DC Studios’ Shazam! Fury Of The Gods bombed even harder. The long-awaited The Flash, now showing in Singapore cinemas, also seems to be underperforming in theatres.

Then there are surveys such as the one published by research firm Morning Consult in 2022.

Polling 2,200 American adults, it found the share of audiences who enjoy superhero films went from 64 per cent in November 2021 to 59 per cent in July 2022.

Among self-described Marvel fans, only 82 per cent still enjoy superhero movies, down from 87 per cent in that same period.

And 31 per cent of Marvel aficionados admit they are “getting a little tired of so many of them”, up from 29 per cent the previous year.

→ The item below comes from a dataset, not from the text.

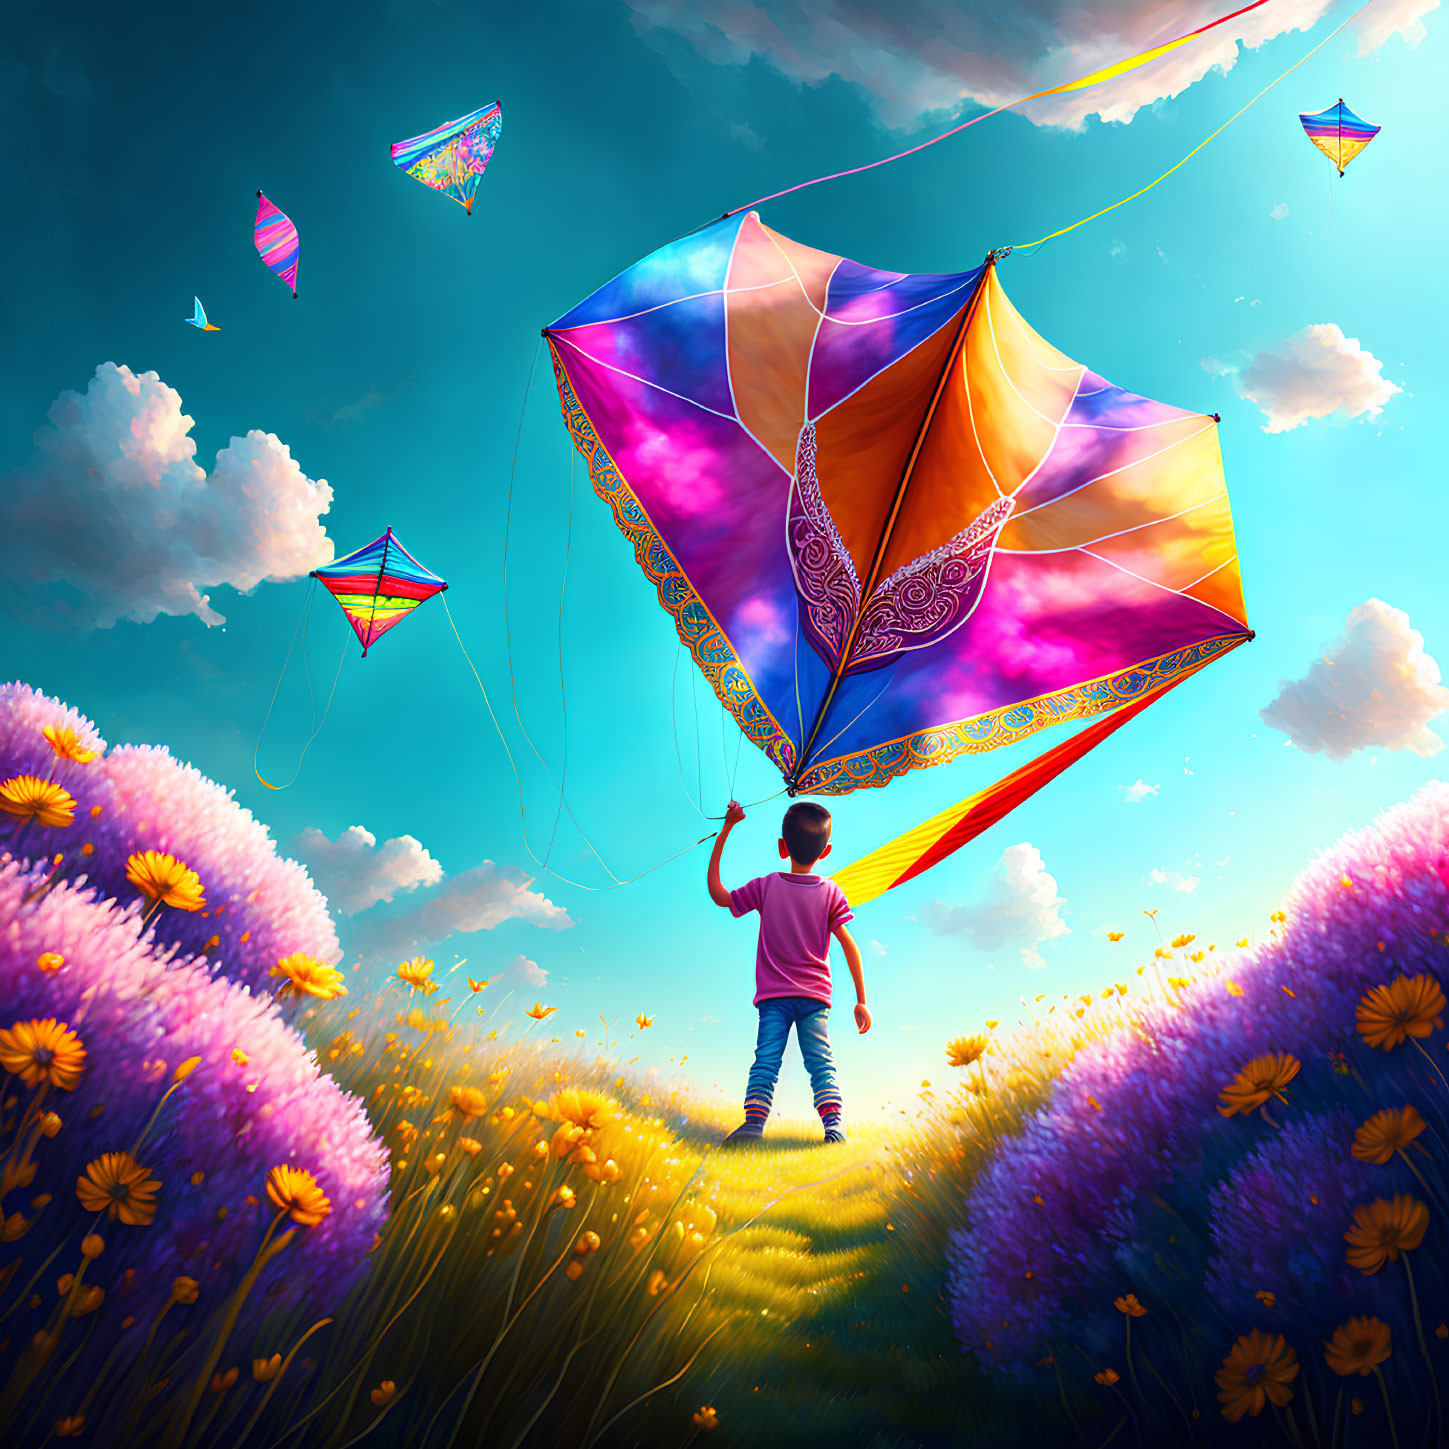 Child flying colorful kite in vibrant field on sunny day

But polls and reviews are just snapshots.

According to Parrot Analytics – a company that looks not just at box-office performance but also streaming, downloads and engagement on social media – superhero films are still crushing the competition.

In the first quarter of 2023, the 10 most popular superhero movies globally saw demand that was 34 times or more than what the average film enjoyed.

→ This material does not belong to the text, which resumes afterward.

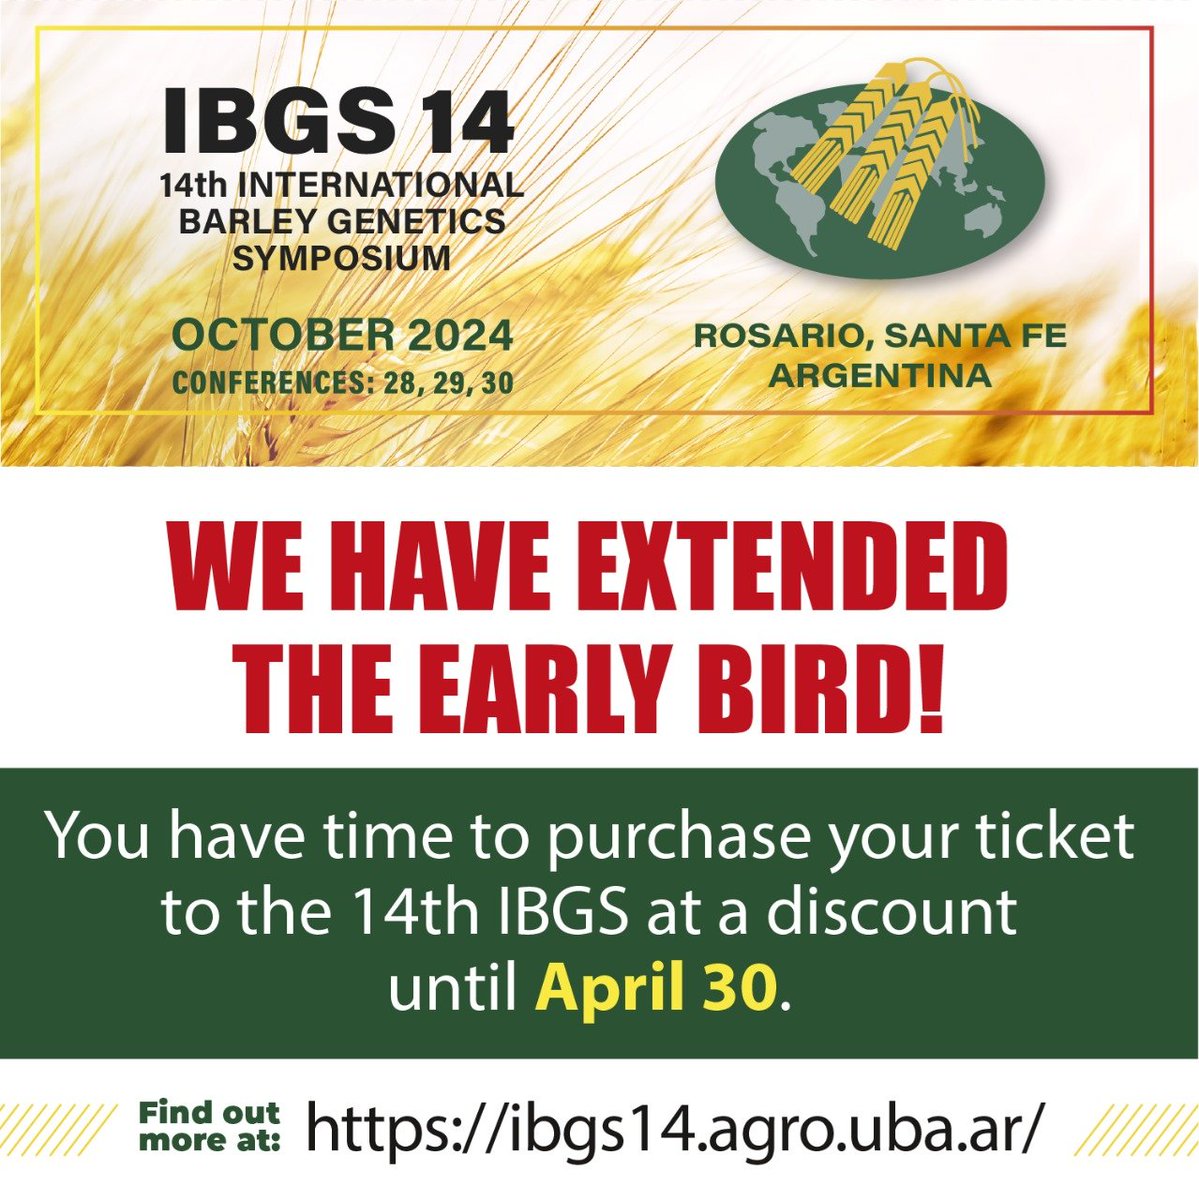 Early Bird registration deadline extended until April 30 for IBGS14 ibgs14.agro.uba.ar , #barley

So, how does one reconcile this story of continued commercial domination with the creeping sense of growing dissatisfaction with the genre from fans and critics?

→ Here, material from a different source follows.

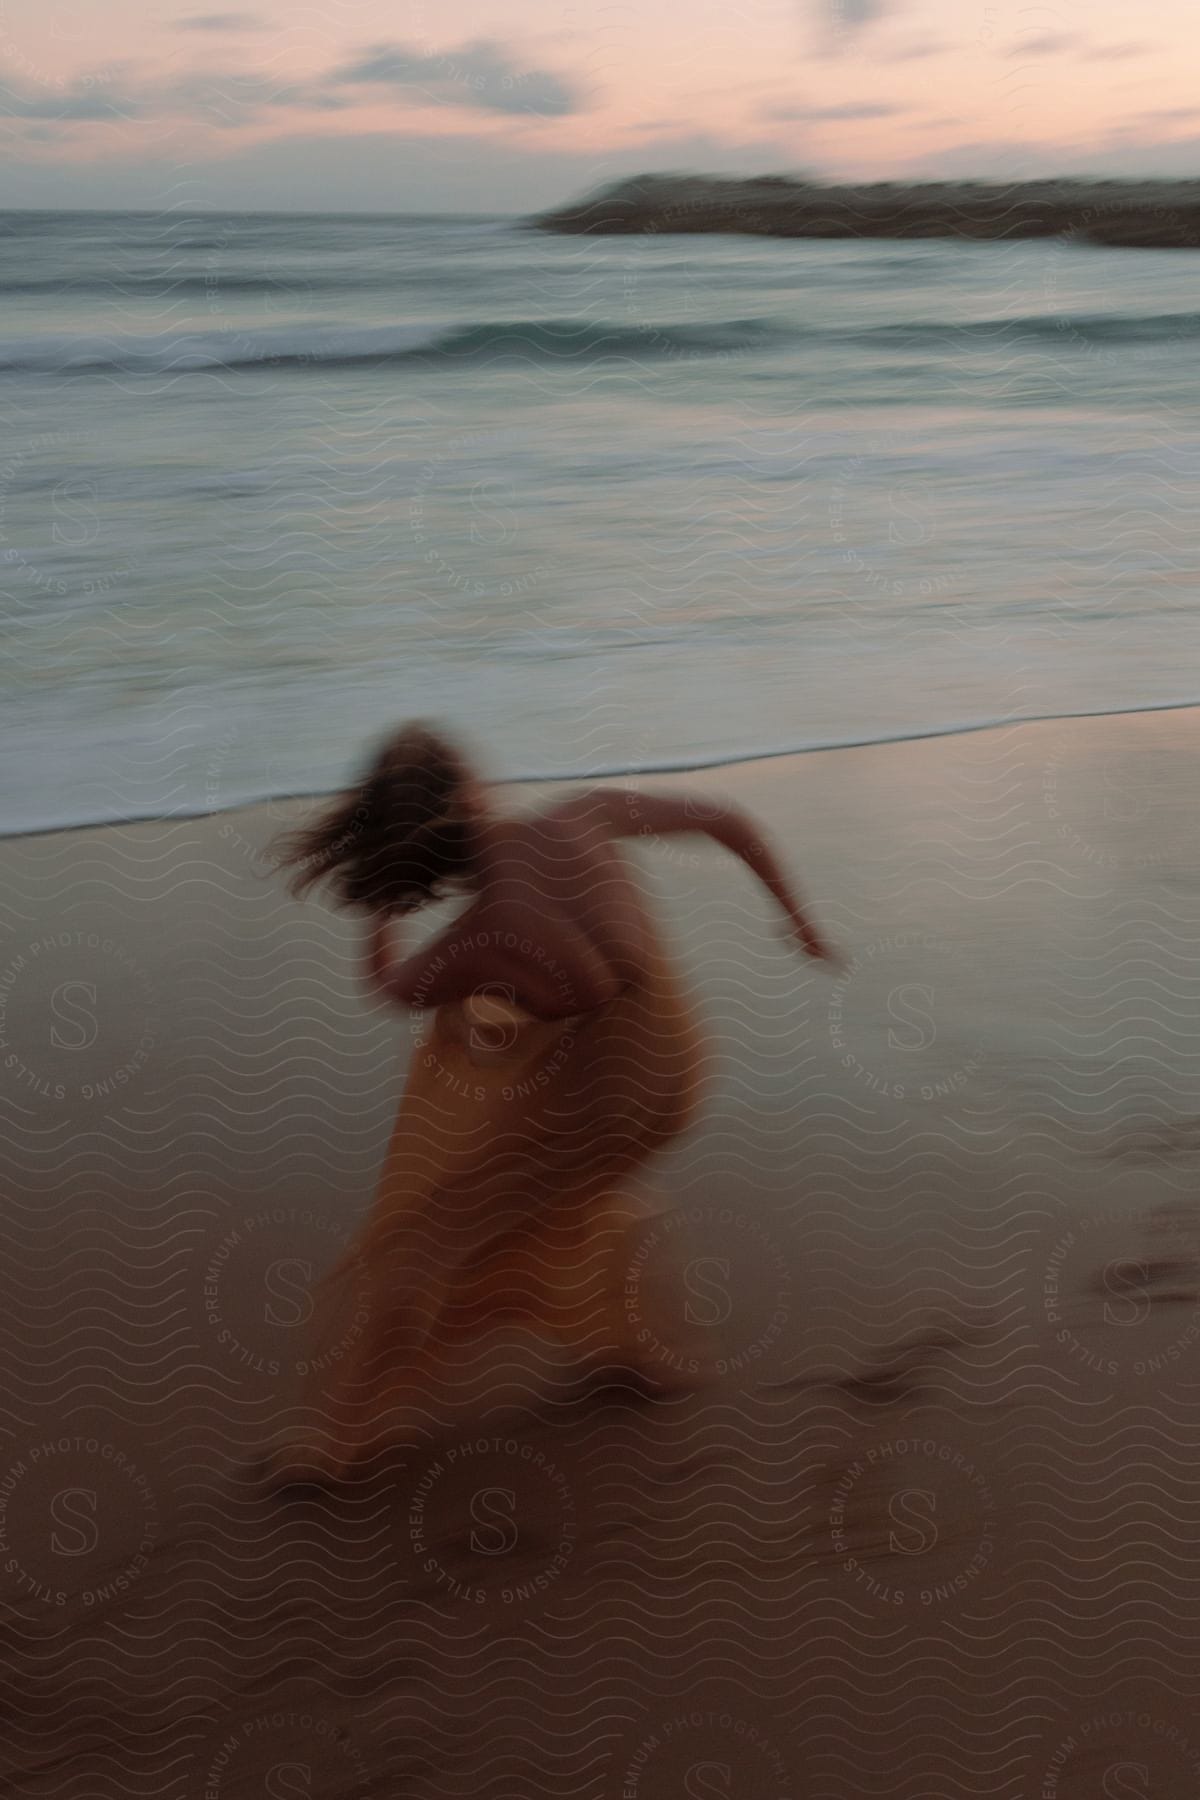 A lady dances around the beach as her hair swings back and forth.

The superhero business is clearly nowhere near late-stage collapse. Yet, it is fair to say that a good chunk of viewers feel they have seen too many variations on the same themes.

So, to hit the same dopamine threshold as before, storytellers need novelty.

And though for years they were able to get that with bigger explosions and more cameos and Easter eggs, they may now have to deconstruct the old templates completely, just as was done with genres such as westerns and musicals.

Powerhouses such as Marvel and DC are also victims of their own success, in a way. New offerings will forever be compared with standard-bearers such as Black Panther (2018) or high-water marks such as Avengers: Endgame (2019), the latter being the second highest-grossing film of all time.

And, in the age of social media, critics and fans are more outspoken than ever, and could feel more entitled to complain about franchises they have followed for years.

The big players are well aware of this.

This is why Marvel has been furiously experimenting with different sub-genres – WandaVision (2019) borrowing from black-and-white 1950s American sitcoms, and Secret Invasion from espionage thrillers.

In the latter, Fury, former director of S.H.I.E.L.D., must work with allies – including Everett Ross (Martin Freeman), Maria Hill (Cobie Smulders) and the Skrull Talos (Ben Mendelsohn), who has made a life for himself on Earth – in a story that feels more like a Cold War thriller than a superhero tale.

Cobie Smulders (left) and Samuel L. Jackson in Secret Invasion. PHOTO: DISNEY+

Marvel Studios boss Kevin Feige says at a recent press conference that Secret Invasion producer Jonathan Schwartz had pitched its genre-bending storyline when “we were thinking about what kinds of shows to do on Disney+“.

Schwartz, he says, was the one who suggested playing the comics’ Secret Invasion storyline as an espionage thriller. “And we love to do different genres for everything.”

Mr Feige has also thought outside the box when it comes to hiring directors.

He poached Taika Waititi and Ryan Coogler from indie cinema to direct the hugely successful Thor: Ragnarok (2017) and Black Panther, respectively.

And Russo brothers Anthony and Joe made dialogue-heavy sitcoms before they helmed blockbusters such as Avengers: Infinity War (2018) and Avengers: Endgame.

There may be a growing recognition that pumping out titles as fast as possible is not good for business either.

This may explain the almost year-long gap between the release of Secret Invasion and Marvel’s previous TV offering, She-Hulk: Attorney At Law, the longest between new MCU series so far.

Asked about this interlude, and why it was finally time to release the new show, Mr Feige bristles.

“Now is the time because it was finished and ready to go. It was ready. It was done. And that’s when you show things,” he says.

.Secret Invasion premieres on Disney+ on Wednesday.